Kitcher’s ideal can be a useful tool in this context, precisely because it is an ideal. In practice, any decision-making processes will fall well short of an ideal deliberation because the ideal presupposes all participants in the debate to be ideal decision makers: fully open to change their views, fully empathic to the plights of others, fully informed about the nature of the problem, the various ways in which others are affected, and the state of the art in science and technology, etc. Real people of course aren’t such ideal decision makers and even if they were, there are too many divergent interests to reach a fair weighing. But this does not render the ideal of well-ordered science useless: it can still serve as a beacon on which individual scientists, policy makers, interest groups, and other stakeholders can orient themselves (without actually conducting any debate) by asking themselves what, given their current state of information, the outcome of an ideal deliberation would or could have been, and prioritize research efforts accordingly.

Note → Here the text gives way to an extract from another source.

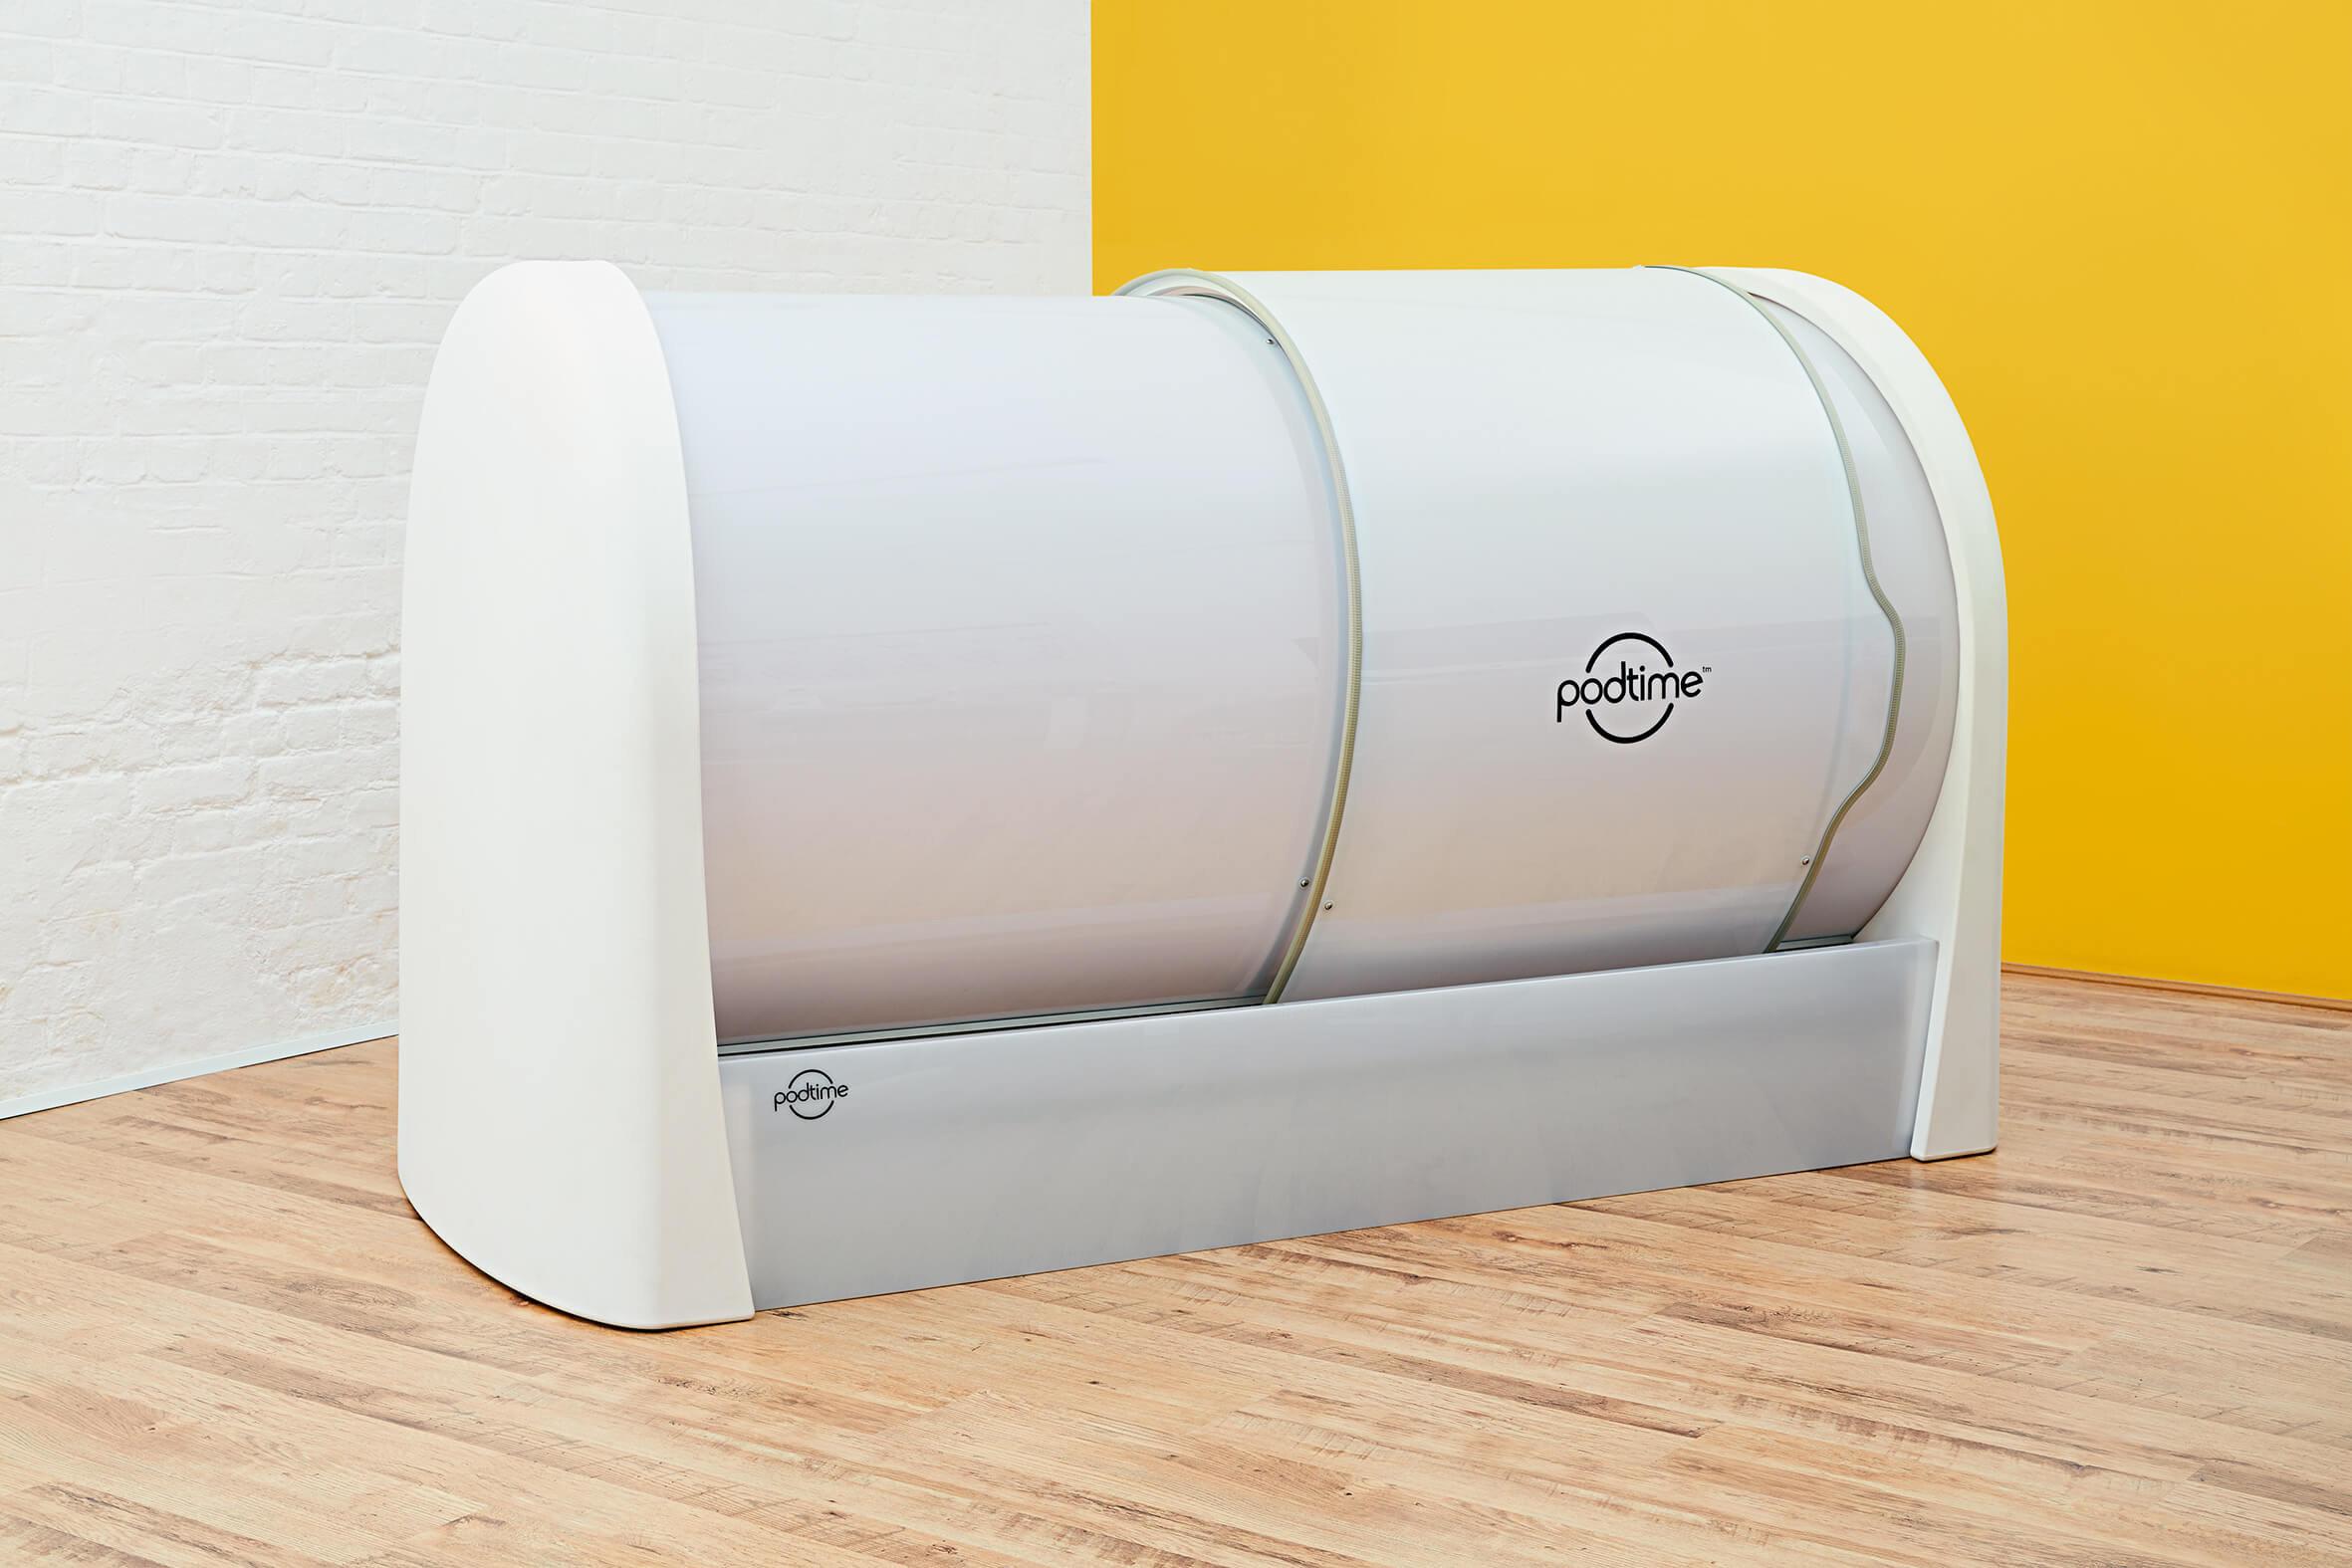 Podtime Sleeping Pod - Premium Range

Note that this suggestion does not involve actual debates within societies, in which only the interests that are present in the society in which the debate occurs are voiced and heard. Rather, on this suggestion individual people and institutions consider which interests could exist, how they should be weighed and how research could be best attuned to these weighed interests. This allows a wide variety of interests, approaches and values to enter into the considerations, not limited to those in a particular society or in the Global North (to which discussions on scientific research are often limited) but equally including the Global South. Scientific research should serve all of humanity equally and be conducted by researchers from all regions of the planet, and using Kitcher’s ideal as a tool for individual considerations and individual decision making rather than debates involving an entire society is a way to achieve more inclusivity in the allocation of resources for research.

Of course, this will not yield an allocation of research resources that really accommodates the needs of all. But it will at least prompt researchers, institutions and other stakeholders to ask what their best contribution to addressing the needs of all could be, thus bringing considerations about the common good into individual decisions about research. While this cannot and should not replace an ongoing global dialogue about how research can serve the common good in times of crisis, making Kitcher’s ideal more concrete and familiarizing researchers, policy makers and other stakeholders with it (which both are tasks for philosophers of science) will be a first step in the right direction. A general lesson that can be drawn from the SARS-CoV-2 pandemic, then, pertains to how work in the philosophy of science can help us cope with–and be better prepared for–crisis situations.